The Independent newspaper produced a hard hitting article about palm oil and the destruction of rainforests, they stated that:
“These rainforests are honey pots for flora and fauna, among the most bio diverse places on Earth. Consider the figures. Sumatra – the size of Spain, owned by Indonesia – has 465 species of bird, 194 species of mammal, 217 species of reptile, 272 species of freshwater fish, and an estimated 10,000 species of plant. Borneo – the size of Turkey and shared between Indonesia and Malaysia – is even richer: 420 birds, 210 mammals, 254 reptiles, 368 freshwater fish and around 15,000 plants.

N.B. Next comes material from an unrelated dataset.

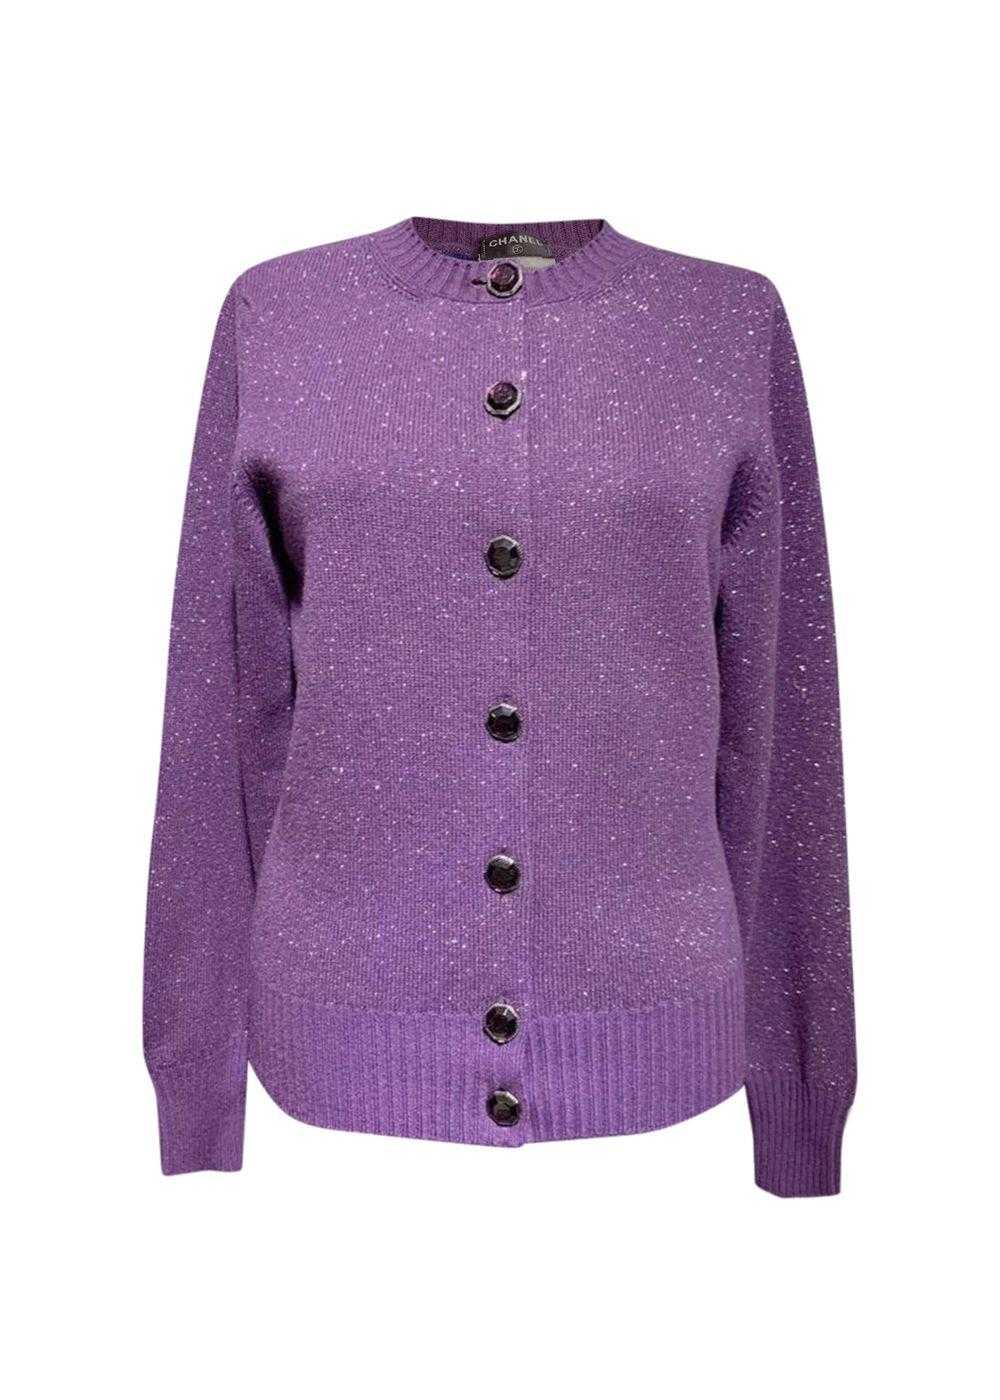 Chanel Purple Metallic Knit Cashmere Cardigan - image 1

All these species evolved to live in this unique forest environment. The Sumatran rhino is the smallest, hairiest and most endangered in the world; the Sumatran tiger is the smallest tiger. The black sun bear, with its U-shaped patch of white fur under its chin, is the smallest bear. Some of them are curious in the extreme: the bug-eyed western tarsier; the striped rabbit; the marled cat; and the tree-jumping clouded leopard, which feasts on pygmy squirrels and long-tailed porcupines.
Of all the animals, though, the most famous by far is the orangutan (or "man of the jungle"). With its orange hair and long arms, the orangutan is one of our planet's most unusual creatures. And one of the smartest, too.”
Add to this all the people that call the rainforests their home and the how essential the rainforests are to this planet - it’s kind of hard to just sit back and do absolutely nothing….isn’t it!?!